Modelfile Format¶
Mullama supports creating custom model configurations using two file formats:
- Modelfile -- Compatible with Ollama's Modelfile format
- Mullamafile -- Extended format with Mullama-specific directives
Both formats use a Dockerfile-like syntax with directives that configure model behavior, parameters, and metadata.
Quick Example¶
FROM llama3.2:1b
PARAMETER temperature 0.7
PARAMETER num_ctx 8192
PARAMETER top_p 0.9
SYSTEM """
You are a helpful coding assistant specialized in Rust programming.
Always provide code examples and explain your reasoning.
"""
Create and use this model:
# Save the above as ./Modelfile, then:
mullama create rust-assistant -f ./Modelfile
# Use it
mullama run rust-assistant "How do I read a file in Rust?"

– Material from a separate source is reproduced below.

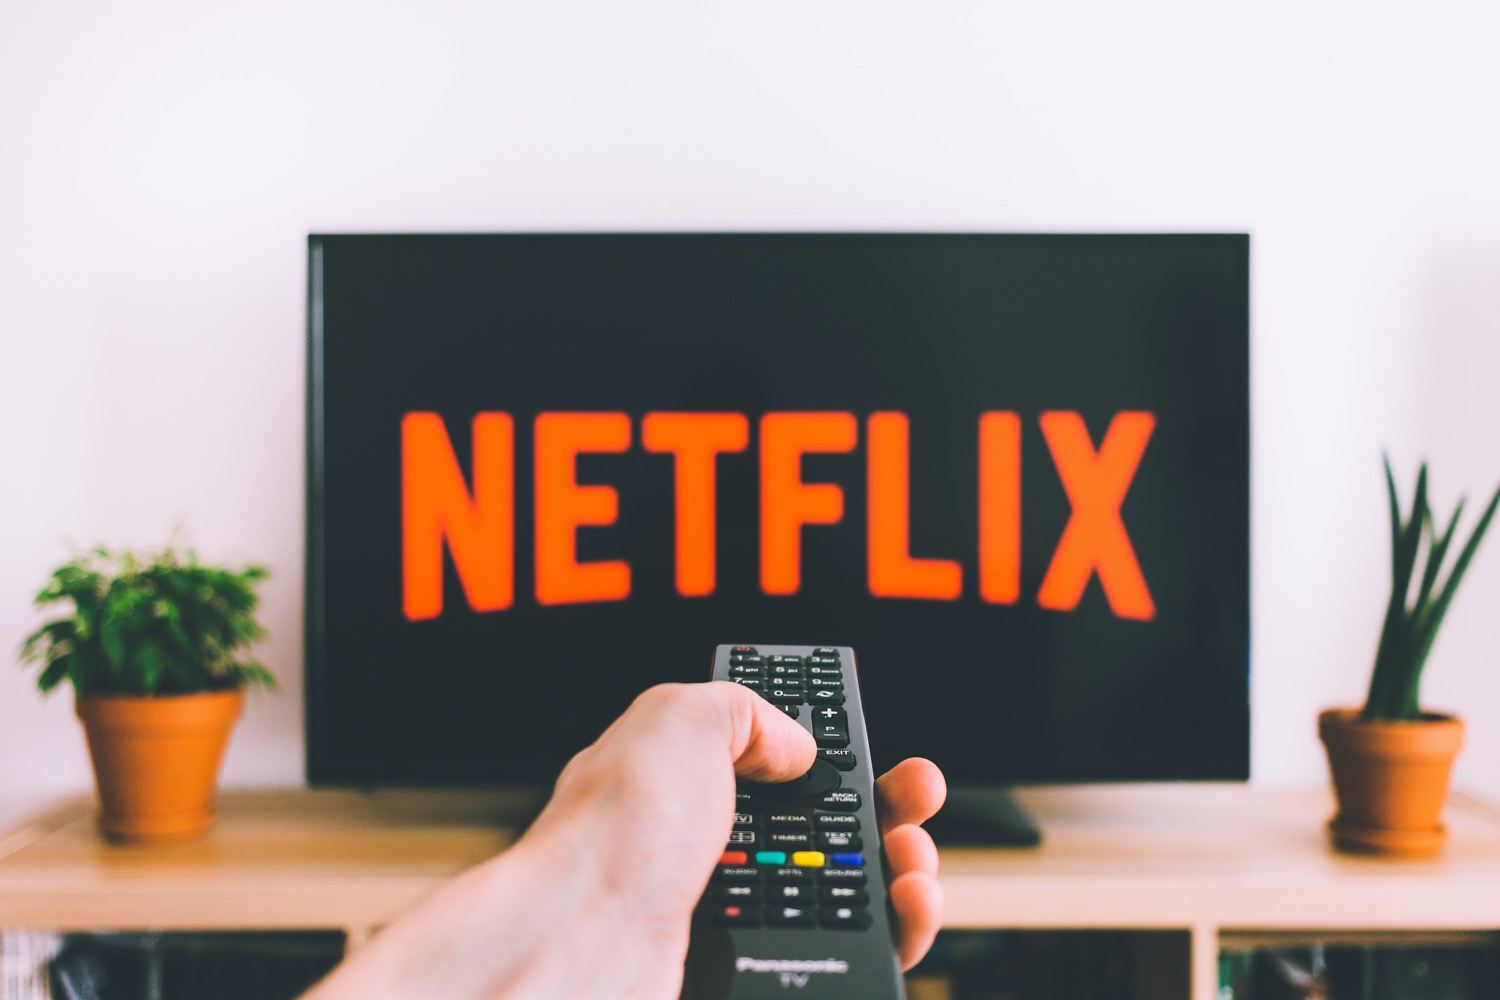 Il telecomando è puntato verso una TV con il logo Netflix

mullama serve --model rust-assistant
Directives Reference¶
FROM (Required)¶
Specifies the base model. This can be an alias, a local path, or a HuggingFace spec.
# Using a model alias
FROM llama3.2:1b
# Using a local GGUF file
FROM ./models/my-model.gguf
# Using an absolute path
FROM /opt/models/custom-model.gguf
# Using a HuggingFace spec
FROM hf:Qwen/Qwen2.5-7B-Instruct-GGUF
# Pin to specific commit for reproducibility
FROM hf:Qwen/Qwen2.5-7B-Instruct-GGUF@a1b2c3d
# With specific quantization at a commit
FROM hf:meta-llama/Llama-3.2-1B-Instruct-GGUF:Q4_K_M@abc123def
Base Model Resolution
When using an alias, Mullama resolves it through the model registry. When using hf: prefix, it downloads directly from HuggingFace. Local paths must point to valid GGUF files.
PARAMETER¶
Set model parameters as key-value pairs. Multiple PARAMETER directives can be specified.
PARAMETER temperature 0.7
PARAMETER top_p 0.9
PARAMETER top_k 40
PARAMETER num_ctx 8192
PARAMETER num_predict 512
PARAMETER repeat_penalty 1.1
PARAMETER seed 42
Supported Parameters:
| Parameter | Type | Range | Default | Description |
|---|---|---|---|---|
temperature |
float | 0.0-2.0 | 0.7 | Sampling temperature. Lower = more deterministic |
top_p |
float | 0.0-1.0 | 0.9 | Nucleus sampling threshold |
top_k |
int | 1+ | 40 | Top-k sampling candidates |
num_ctx |
int | 128+ | 4096 | Context window size in tokens |
num_predict |
int | -1+ | 512 | Maximum tokens to generate (-1 = unlimited) |
repeat_penalty |
float | 0.0+ | 1.1 | Repetition penalty factor |
presence_penalty |
float | -2.0-2.0 | 0.0 | Presence penalty |
frequency_penalty |
float | -2.0-2.0 | 0.0 | Frequency penalty |
seed |
int | -- | random | Random seed for reproducibility |
stop |
string | -- | -- | Stop sequence (can specify multiple) |
num_batch |
int | 1+ | 512 | Batch size for prompt processing |
num_thread |
int | 1+ | auto | Number of CPU threads |
SYSTEM¶
Define the system prompt. Use triple quotes for multi-line content.
SYSTEM """
You are a helpful assistant. You provide clear, concise answers
and always ask for clarification when a question is ambiguous.
"""
Or single-line:
System Prompt Best Practices
- Keep system prompts focused and specific
- Define the role, tone, and any constraints
- Include examples of desired output format if relevant
- System prompts consume context tokens, so balance detail with token budget
TEMPLATE¶
Define the chat template format used for prompt construction. Template variables are wrapped in {{ }}.
TEMPLATE """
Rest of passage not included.